I've been putting this off for a while. Not because I didn’t know how I feel about the movie, but because of the tragedy in Aurora Colorado. I want to say that my heart goes out to all those people and their families. I have felt extremely close to this since I heard the news on the morning of the 20th. I distinctly remember Columbine and I can tell you exactly where I was when 9/11 happened. Those awful events will forever haunt our country and our lives. It is truly sad that Aurora has to take its place among those events. I felt that I was somewhat removed from Columbine because I was no longer in high school when it occurred. I also felt removed from the events of 9/11 because it was taking place in large metropolitan areas on high profile targets while I lived in a decidedly small community a good distance from the bustle of the big cities. Aurora, on the other hand, took place in a movie theater, a place of wonder and joy for many around the world. It felt to me that this had taken place in my world and in a place I felt safe and at home. I love movies and to think that this could happen in a place I go to forget the world around me is disturbing. I can‘t begin to imagine the pain, loss, and fear that took place in that community, but I do know that this cowardly act cannot break our spirit and take away the small joys that we have when we go to the movies. We cannot let this one evil man destroy our love of sitting in a theater with family and friends to enjoy, for a couple of hours, an escape from the cares of this world. I feel horrible for those people that were in that theater and have had a great movie tainted forever because one fool had to destroy peoples lives because of his own demons (if you want to destroy yourself don’t take other people with you). We must not forget those people and the lives that they lived. They will forever be more important to this world than the scum (I will not use his name because he doesn’t deserve that kind of care) who took them from it. God bless them and keep them.

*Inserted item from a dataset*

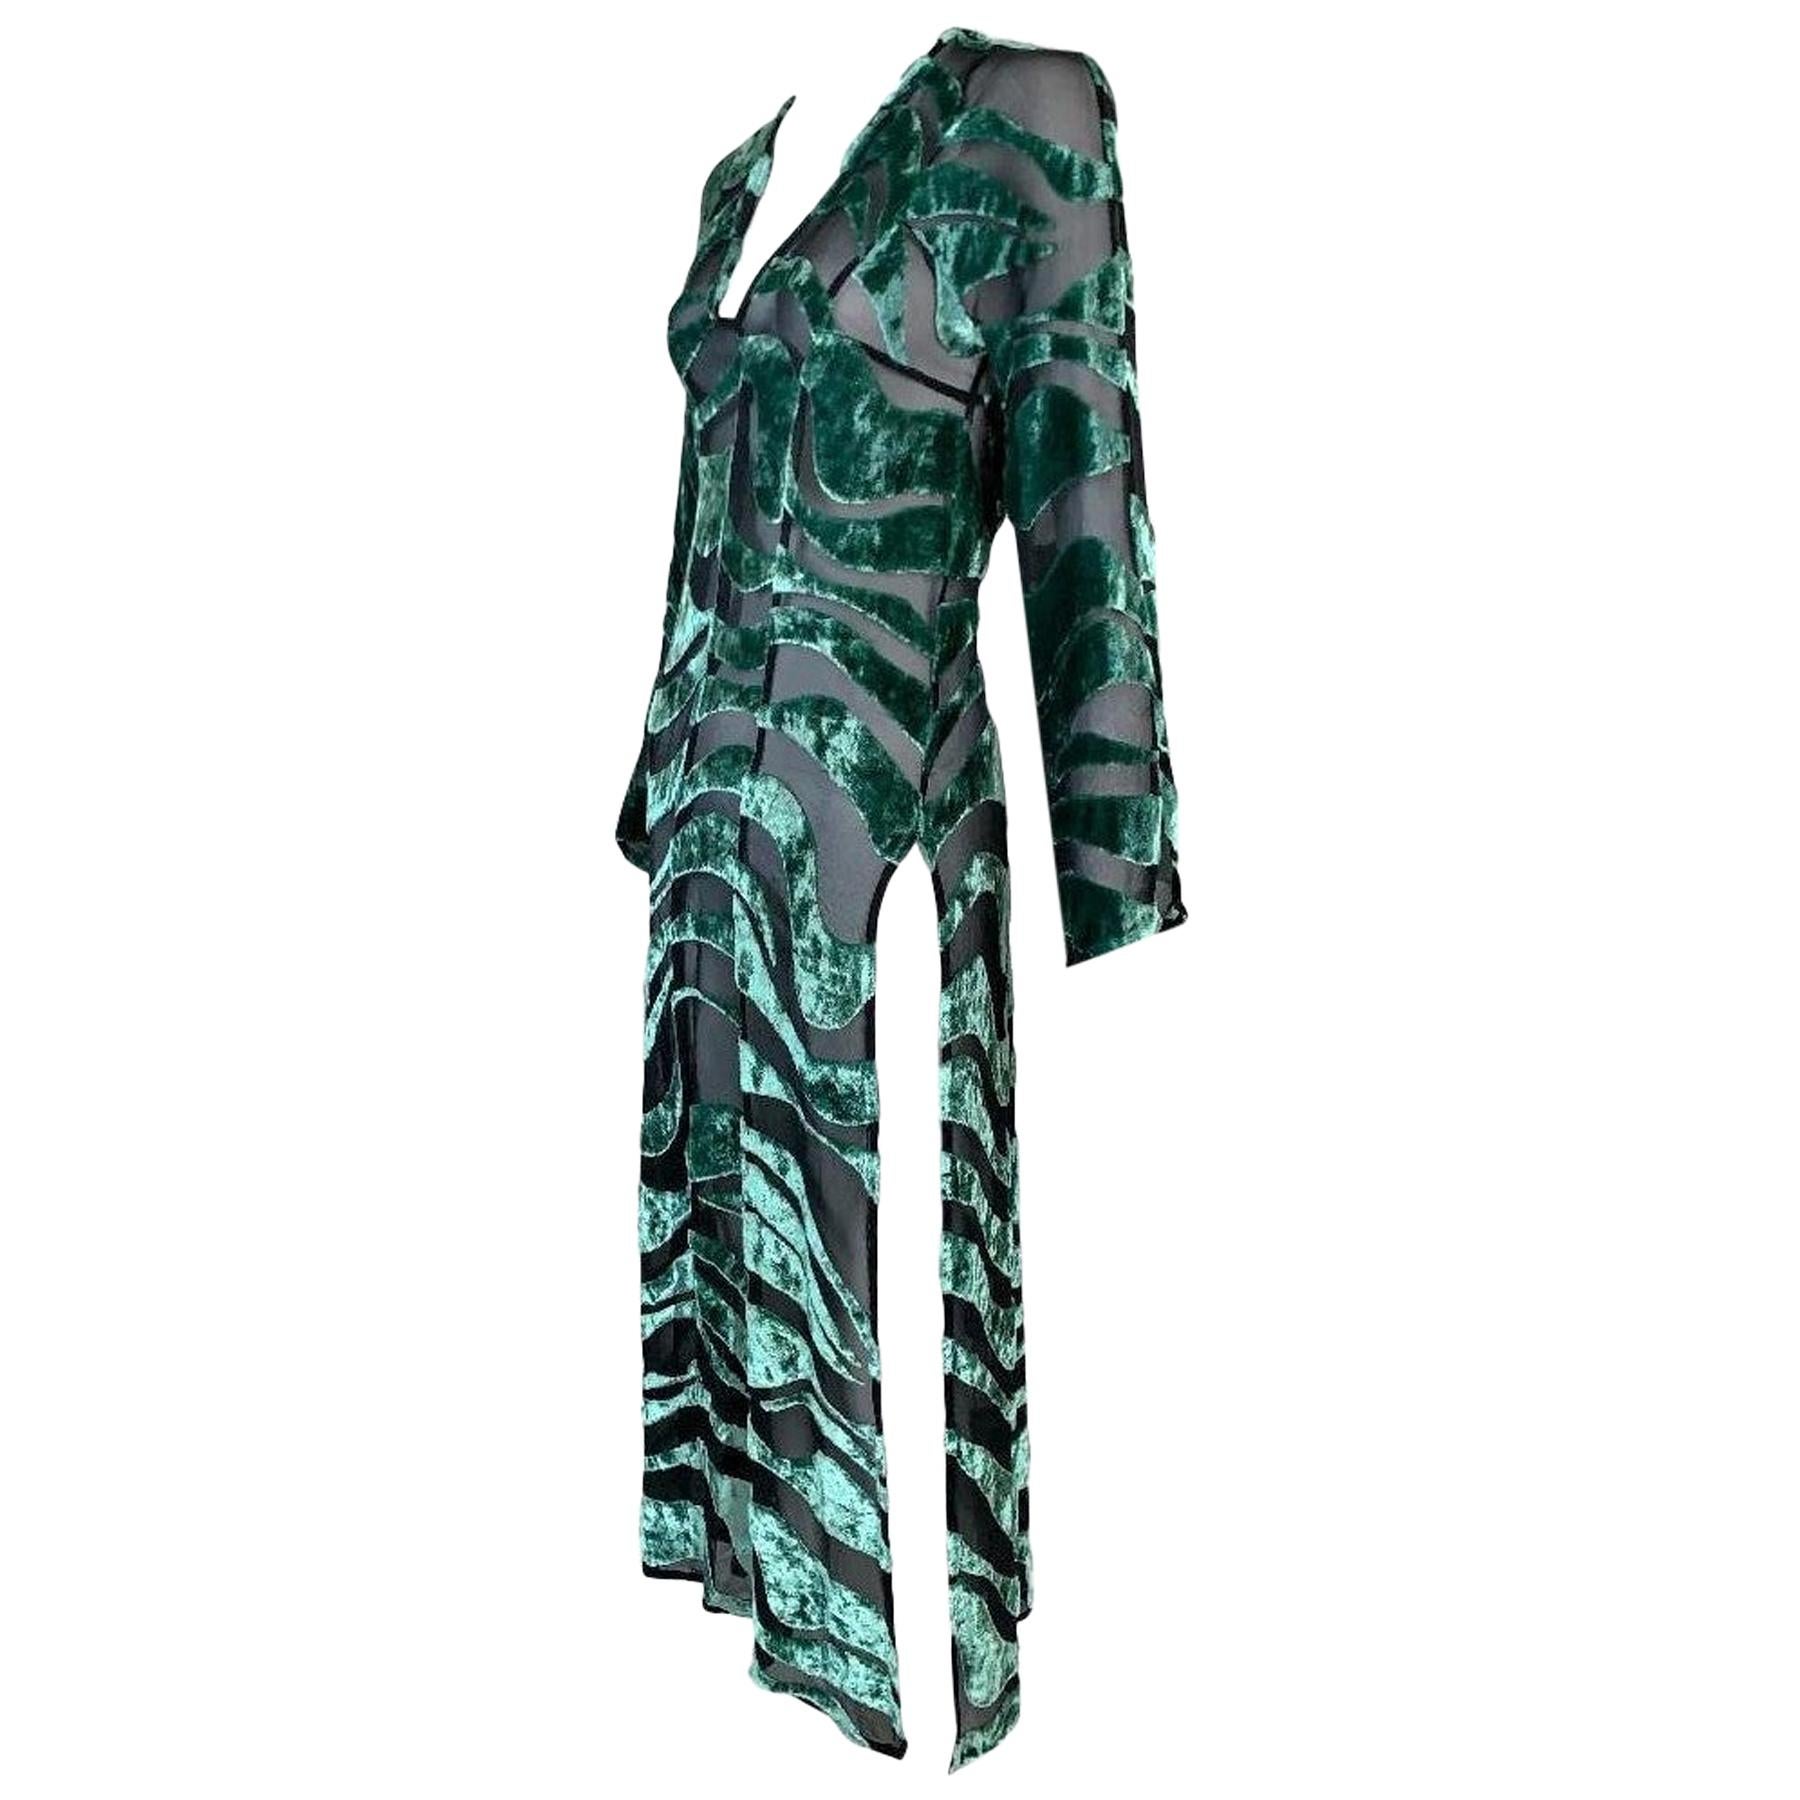 S/S 1996 Gucci by Tom Ford Sheer Black & Green Long Dress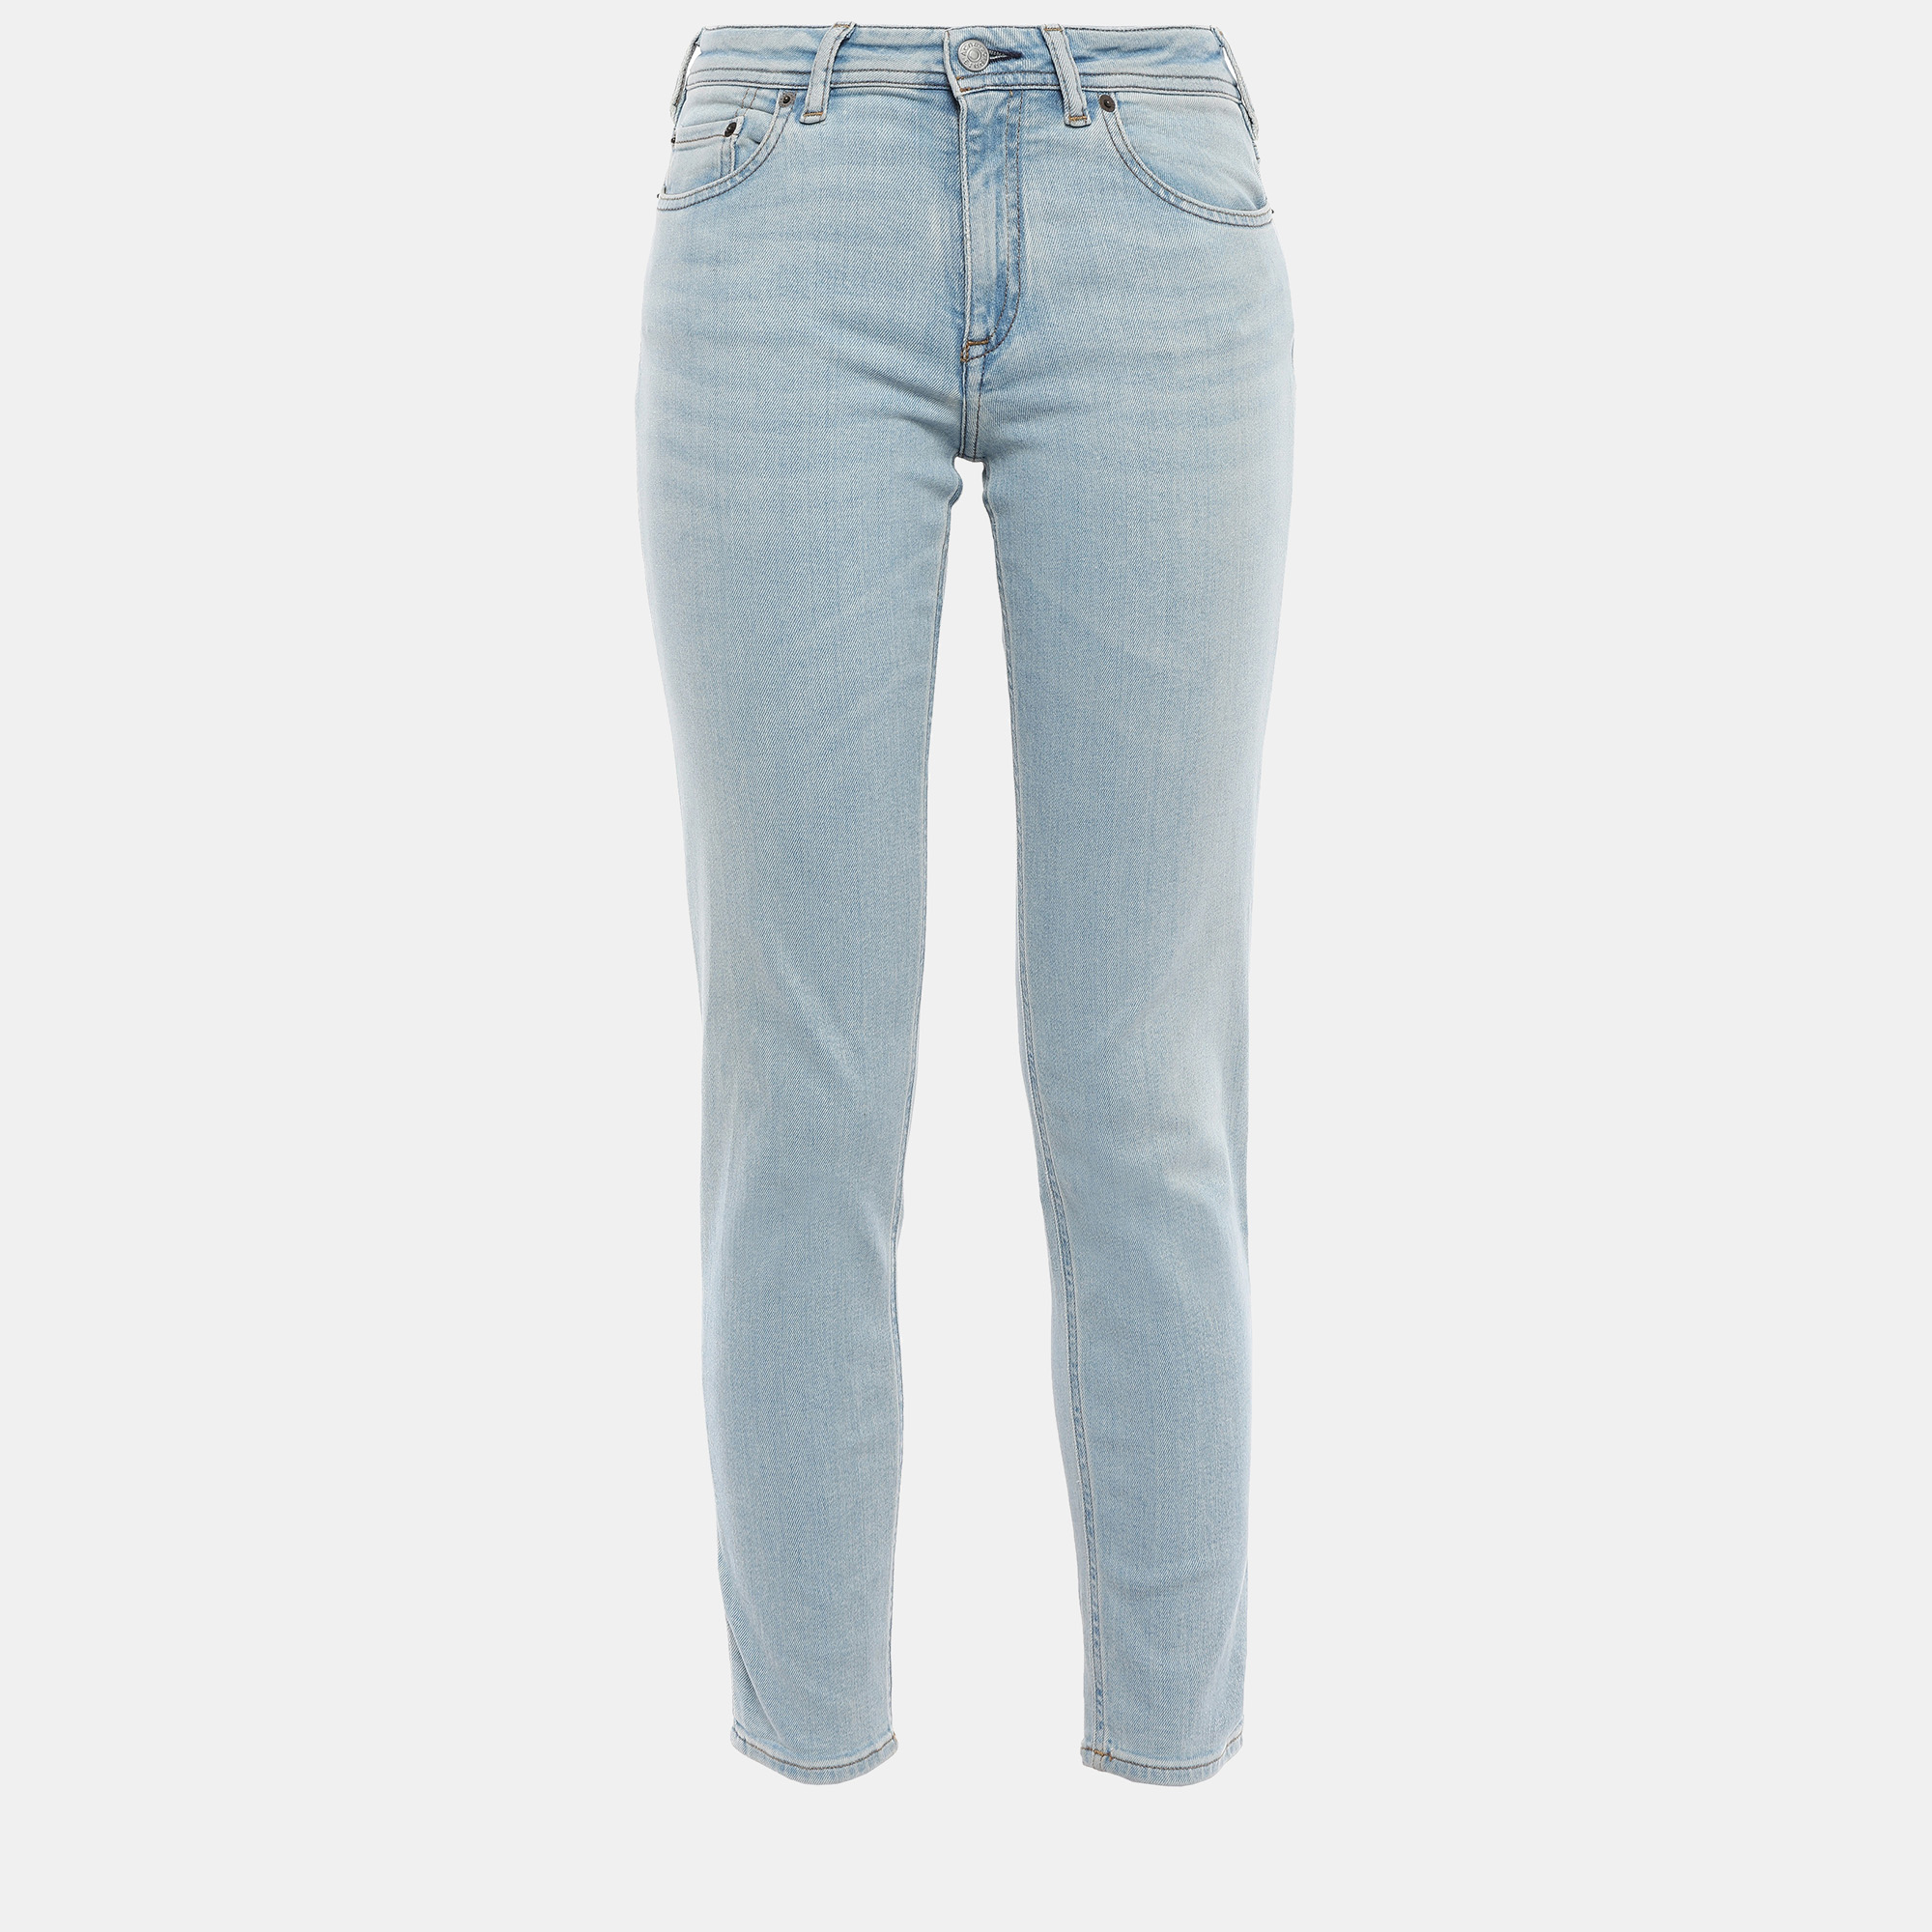 Acne studios cotton skinny leg jeans 23w-32l

On a different note, if you’ve been paying attention you know how I feel about the movie soundtracks of Hans Zimmer (Hint: One Note). But for all the uninspired music he produces he is one upstanding gentleman. Hans has written a song to honor the memory of those people who died in Aurora and to help those who are dealing with the aftermath. Simply titled “Aurora” the proceeds from the song go to the victims and their families and you can help the cause by purchasing the song through iTunes (it‘s only $1.29 and it‘s worth it). I may have issues with the way he scores movies, but that does not change the fact that he is one heck of a human being. Keep it up Hans, I’m behind you 100%.

Well, after that, my thoughts on the Dark Knight Rises, seem unimportant. Movies are certainly not more important than lives, but I know that if I stop these reviews, then in some way that allows the shooter to win. That can’t happen, and I won’t let it. Spoiler Warnings Abound!!! You Are Warned!!! I'm Not Kidding I Will Spoil The Movie So Bug Out Now If You Want To Stay Clean And Clear!!!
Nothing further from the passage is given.